Alicante marina the following night was incredibly hot and expensive at 90F and 89euros! Crowded too, we spent the night on the waiting quay or "muelle despair"! We had a reasonable meal in one of the marina restaurants and explored the interesting old town centre and promenade. But another night at this price was unthinkable, so after filling with fuel and water , we spent the next night at the open anchorage west of Cabo Huertas. Running SW down the coast in the morning the wind and seas built up quickly and we eventually surfed around Torrevieja (Humphrey managed some video) and then motored hard against the wind to gain the deep anchorage in the outer harbour, for a late lunch and siesta. We stayed onboard for dinner and watched "Paris, Texas" yet again!

In fact we killed a few days in this free anchorage and altho we couldn't find the "old tower", it's a pleasant spot, altho very crowded again in early August. Our final sail took us past the Mar Menor and round Cabo de Palos to Cartagena which we managed to enter under sail.

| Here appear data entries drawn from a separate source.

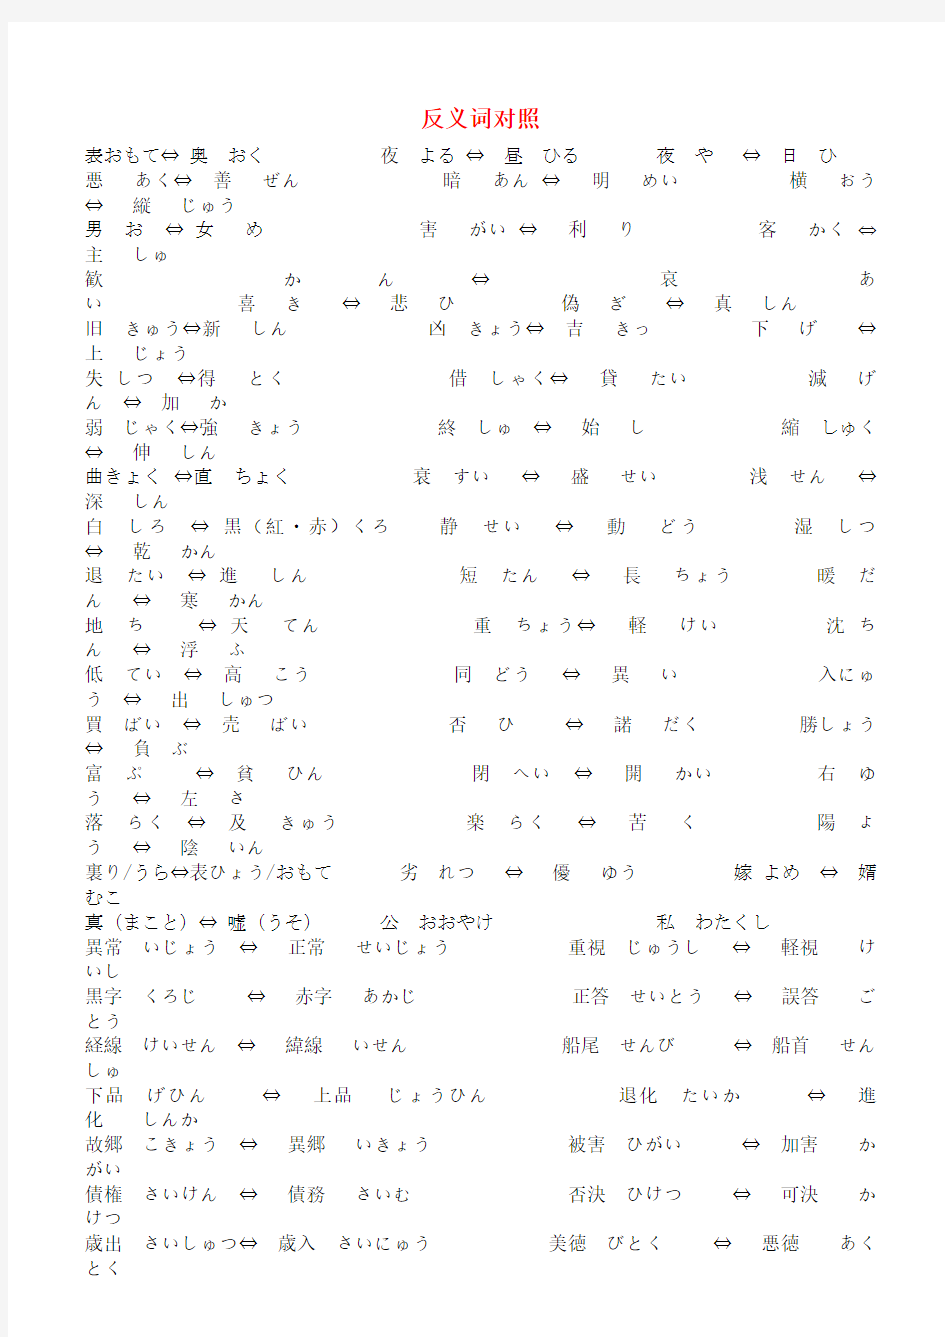 分类记忆日语单词大全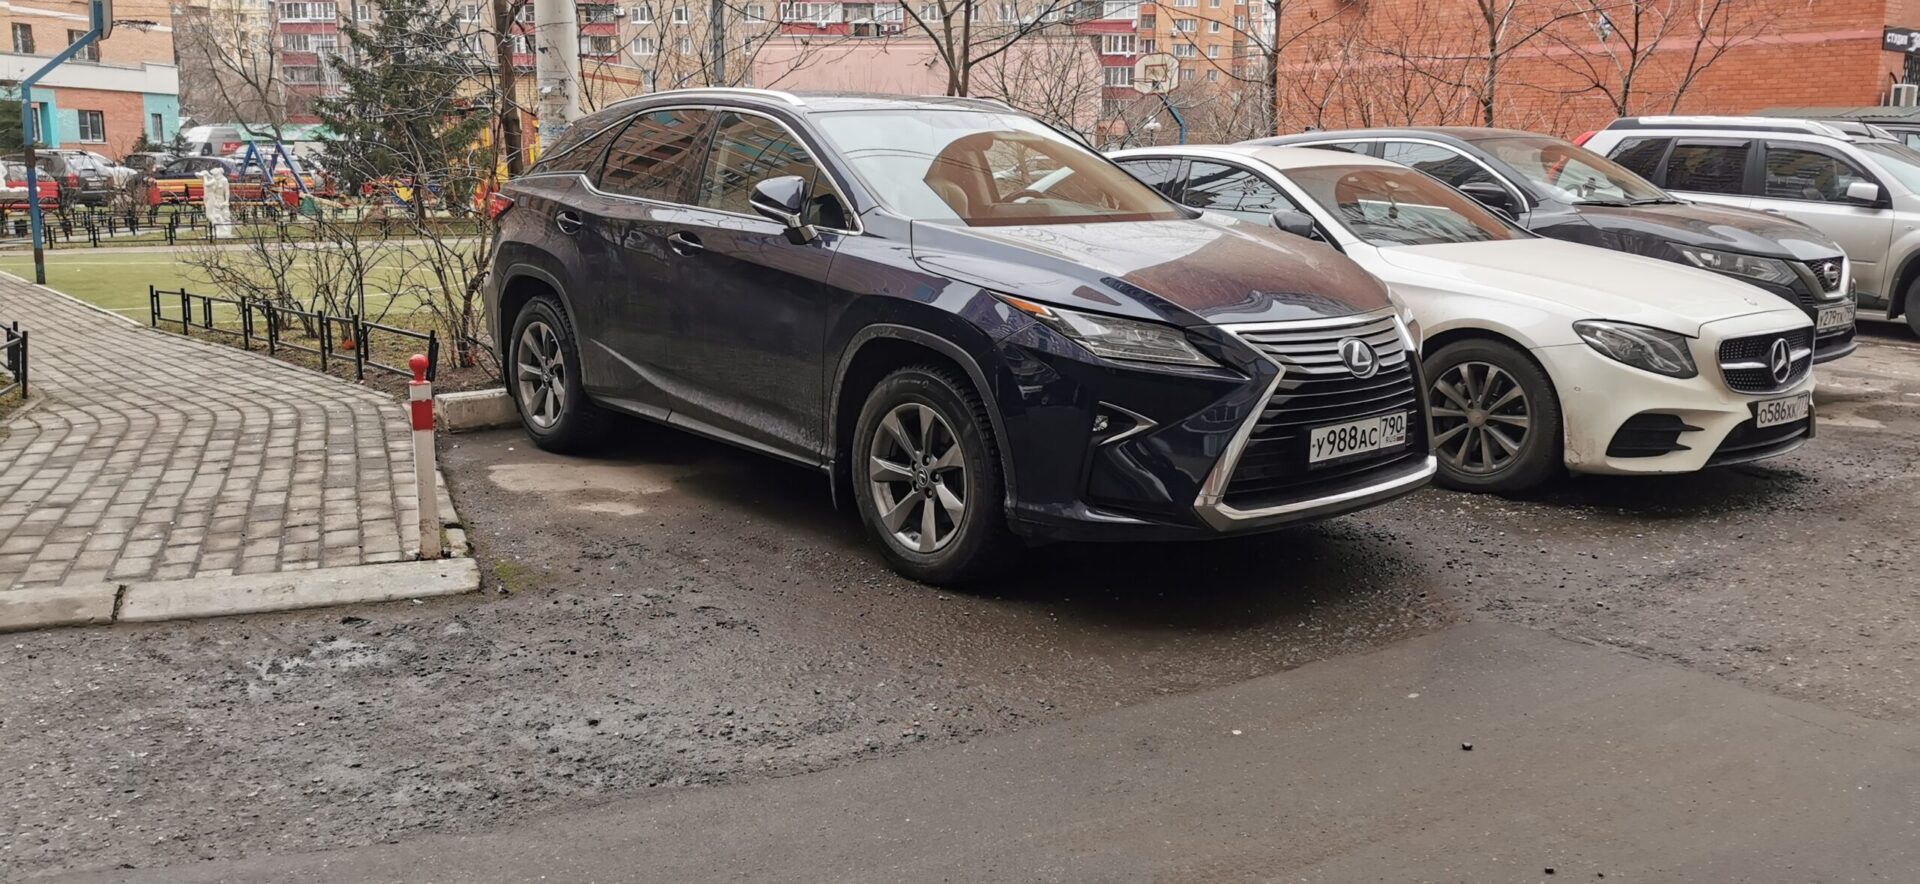 Модели Lexus вошли в 10 японских автомобилей, которые оказались не нужны гражданам в РФ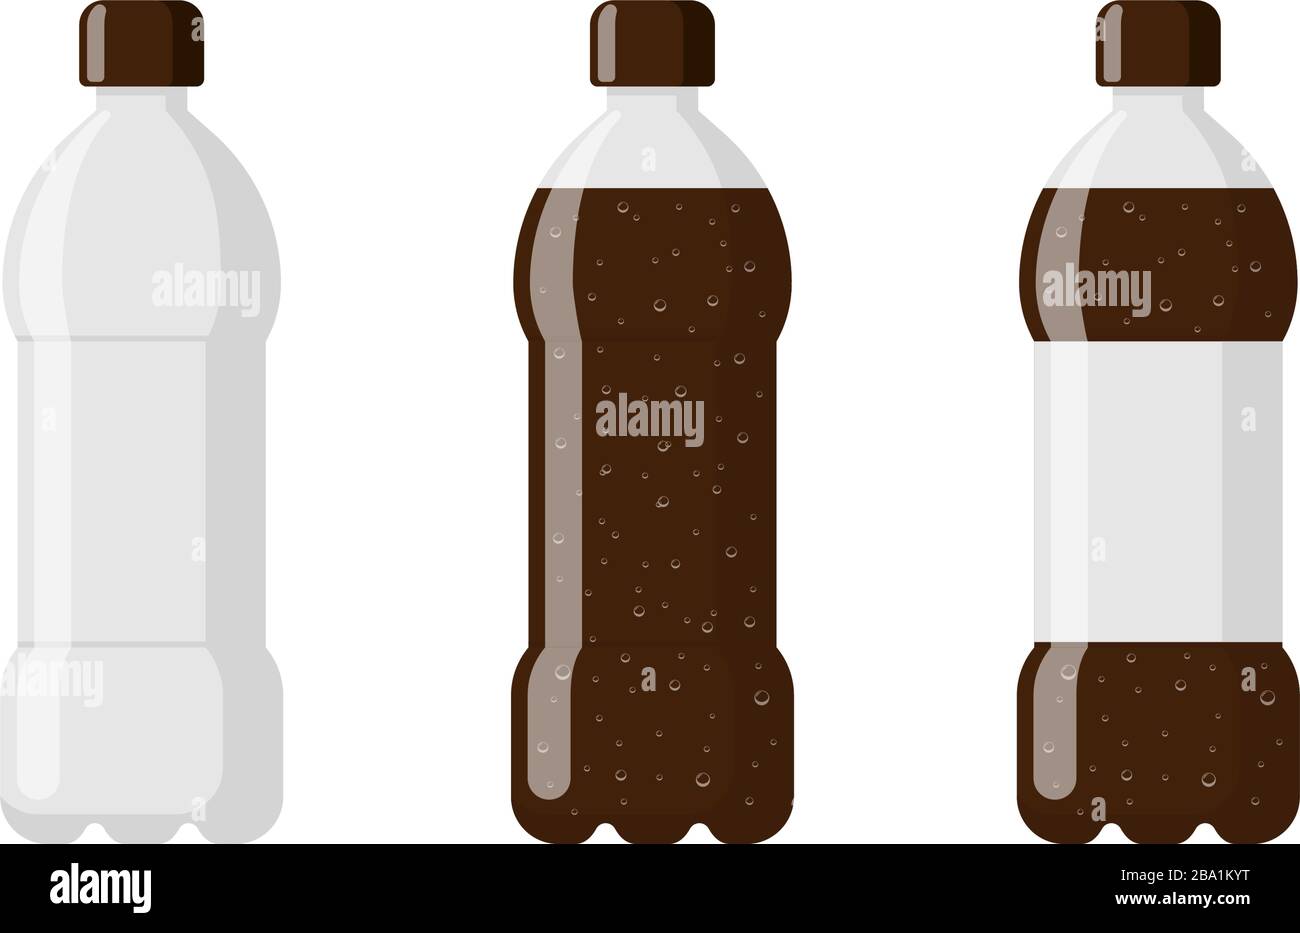 une petite bouteille en plastique sur fond blanc Photo Stock - Alamy

The relatively new fully battened main enables slow progress to windward on it's own surprisingly. An Ozzie marinero made us welcome in the new Yacht Port Cartagena (YPC), even allocating us a double berth with side finger pontoons at mono rates. Which was what had brought us here of course. I met the lovely Julia in the office and paid for four months, in exchange for lots of tourist advice. Humphrey and I slowly stripped down Aqua Blue for the winter in the cooler mornings, combined with sightseeing and later siestas. The whole old town centre is paved in marble and all the house fronts with their wrought iron balconies have preservation orders. The Roman remains including the newly uncovered theatre, the House of Fortune and the Forum are all worth a visit. As is the restored Town Hall and the very informative Underwater Archeology museum on the quay behind YPC. There's also a Roman/Carthaginian festival in the autumn and a Jazz festival in November.

However by the 16th August we were back in Brighton for a party and even more important my daughter Louise's graduation. We returned en famille to Cartagena in September for more sightseeing and a few afternoons at Cala Cortina (only ten minutes by taxi). Plus sampling several very good restaurants. Altho I was distracted somewhat by finding bars to follow the Vuelta Espana!

Later in December I emailed YPC after seeing strong winds forecast, to be immediately re-assured marineros would be on duty over Xmas. I can't recommend the place highly enough! We plan to drive there for the Easter celebrations.